Leipzig A walkable City

Leipzig - A City on the Up
Leipzig is a smaller neighbour to Berlin, with a population of about 560,000. Historically, its significance reached far beyond its borders as a major European centre of trade. However, under the East German GDR regime and the fall of the Berlin Wall Leipzig’s population rapidly decreased, leaving a sprawling underpopulated city. 
Leipzig is now ‘on the up’, the only city in Germany to have an increasing population. This has come with its own issues as the city authorities lack the infrastructure and services to support the new population. Taking this into consideration, this masterplan developed a ‘shopping list’ of all that the city requires by 2030. 
The historic city centre is isolated and surrounded by a large inner city ring road. Removing this impediment formed the starting point of our proposal, removing the inhospitable infrastructure and re-instating the ‘settlement in the linden trees’ with a new urban forest.
A Manifesto for Walkable Cities 
We have reached a tipping point, where more people are living in cities than are not. This trend is only set to increase. Therefore, it stands to reason that if we are to achieve a sustainable earth we need sustainable cities. 
Cities have sprawled away from their historic centres and into the suburbs. Suburbia caters for the car, leaving communities disparate and disconnected from the services and infrastructure they require.

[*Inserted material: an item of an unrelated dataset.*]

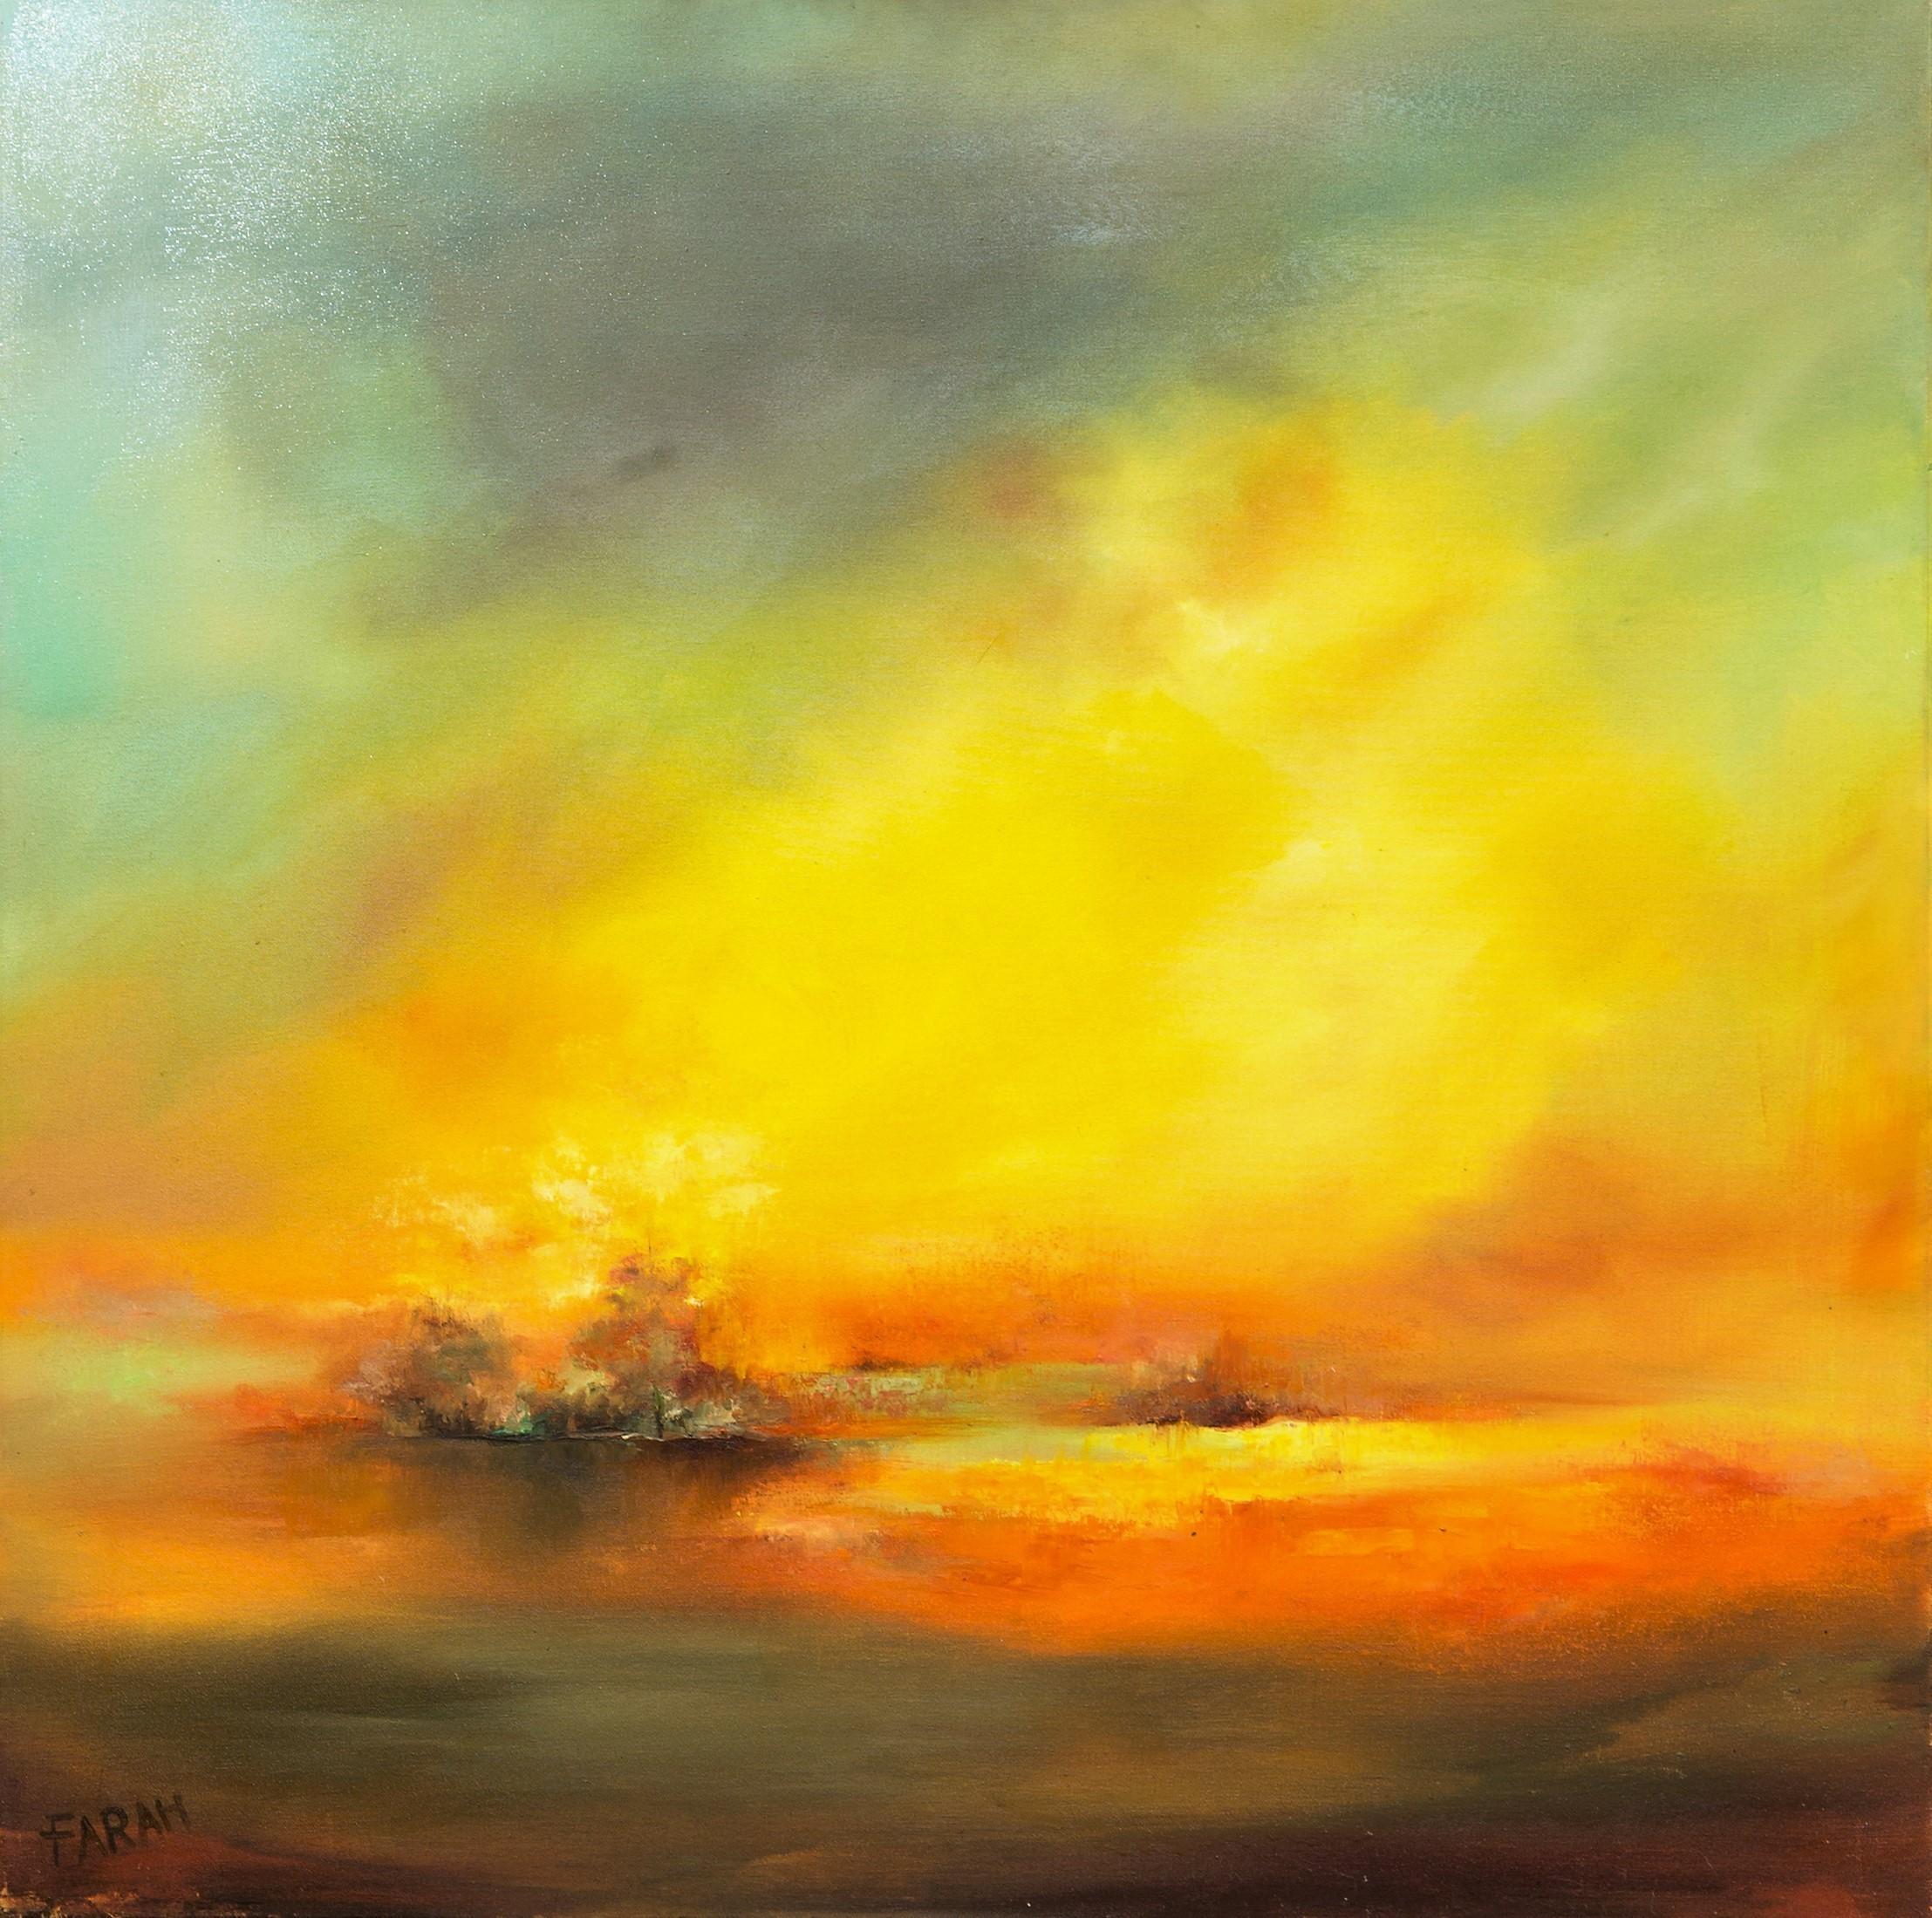 Farahnaz Samari-Sunset-Original Oil Painting 36x36

Countering this trend, our Leipzig proposal takes precedent from the walkable communities of the medieval city grid, giving priority to the pedestrian and creating interconnected neighbourhoods.
City Wide Strategy - Prioritising the Pedestrian 
The city wide proposal can be broken in to three elements; re-invigorated ring road around the historic centre, ‘stitching strands’ connecting communities and the redevelopment of two large, derelict train siding sites. The ‘re-invigorated ring road’ becomes a pedestrian focused space, with each ‘stitching strand’ originating from it and becoming new green links containing the distributed items on the ‘shopping list’. The strands are activated by footfall and cyclists with an improved tram network originating from periphery park-and-ride schemes. Installing the new ring road and ‘stitching strands’ provides an opportunity to connect the whole city through one holistic system, with the ring road as a central distribution point for transport, district heating, waste, water and digital infrastructure.
Locale Strategy – The Enfilade Street
Approximately 553,000m2, the masterplan locale site occupies a disused railway siding to the North of the city centre. The urban design of the locale implemented a walking circle diagram, seen as a prototype for developing the other ‘stitching strands’ identified. This took the form of an enfilade street providing a series of connected public spaces. Each proposed square has its own character, dictated by the public buildings and occur every 2.5 minutes walk. A secondary network of spaces exists alongside the enfilade, drawing reference to the arcade typology of the city centre.
Split by the River Parthe, a commercial zone is proposed in the southern most part of the site, located within a five-minute walking circle of the central train station, utilising its connections to Berlin. The development is taller along the edge next to the train station to allow for more office space and provide a strong gateway into the site. A ‘kleingarten edge’ (allotments) runs along the railway as a buffer zone, reducing noise pollution from the trains.